Lymphocytes from chronic lymphocytic leukaemia undergo ABL1-linked amoeboid motility and homotypic interaction as an early adaptive change to ex vivo culture

Those stimuli that together promote the survival, differentiation and proliferation of the abnormal B-lymphocytes of chronic lymphocytic leukaemia (CLL) are encountered within tissues, where together they form the growth-supporting microenvironment. Different tissue-culture systems promote the survival of the neoplastic lymphocytes from CLL, partly replicating the in vivo tissue environment of the disorder. In the present study, we focussed on the initial adaptive changes to the tissue culture environment focussing particularly on migratory behaviour and cellular interactions.

We suggest that ABL1-induced amoeboid motility and homotypic interaction represent a distinctive early response to the tissue environment by CLL lymphocytes. This response is separate from that induced by chemokine or during heterotypic cell-contact, and may play a role in the initial entry and interactions of CLL lymphocytes in tissues.

A high-density CLL culture system was employed to test CLL cell-responses using a range of microscopic techniques and flow cytometric analyses, supported by mathematical measures of cell shape-change and by biochemical techniques. The study focussed on the evaluation of changes to the F-actin cytoskeleton and cell behaviour and on ABL1 signalling processes.

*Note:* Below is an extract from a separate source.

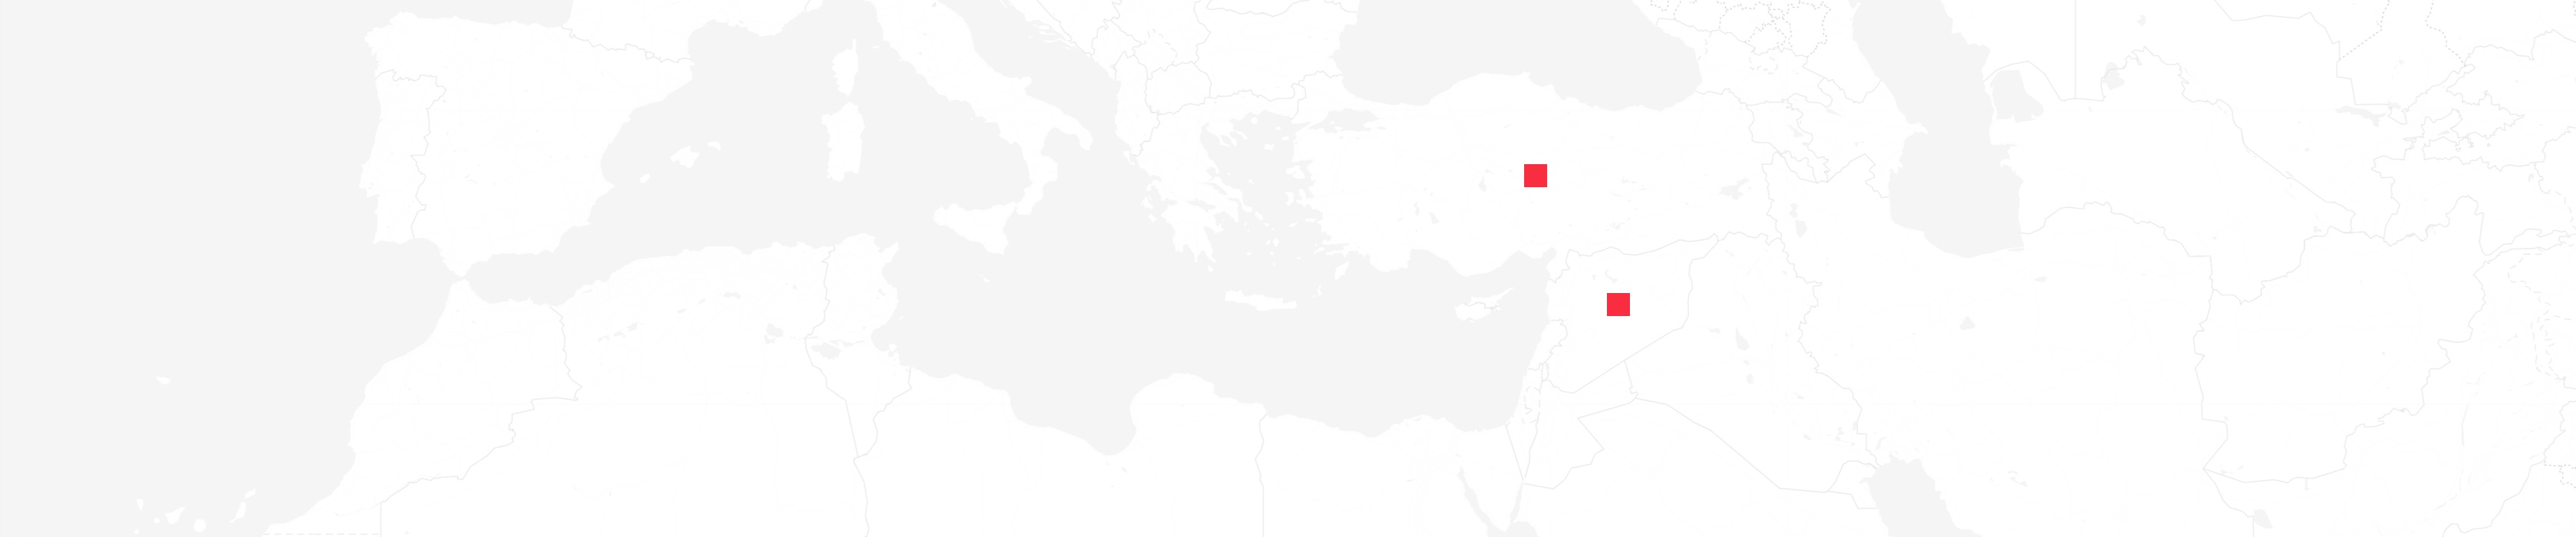 Mapa de Turquía y Siria

We showed that the earliest functional response by the neoplastic lymphocytes was a rapid shape-change caused through rearrangement of the F-actin cytoskeleton that resulted in amoeboid motility and promoted frequent homotypic interaction between cells. This initial response was functionally distinct from the elongated motility that was induced by chemokine stimulation, and which also characterised heterotypic interactions between CLL lymphocytes and accessory cells at later culture periods. ABL1 is highly expressed in CLL lymphocytes and supports their survival, it is also recognised however to have a major role in the control of the F-actin cytoskeleton. We found that the cytoplasmic fraction of ABL1 became co-localised with F-actin structures of the CLL lymphocytes and that the ABL1 substrate CRKL became phosphorylated during initial shape-change. The ABL-inhibitor imatinib mesylate prevented amoeboid movement and markedly reduced homotypic interactions, causing cells to acquire a globular shape to rearrange F-actin to a microvillus form that closely resembled that of CLL cells isolated directly from circulation.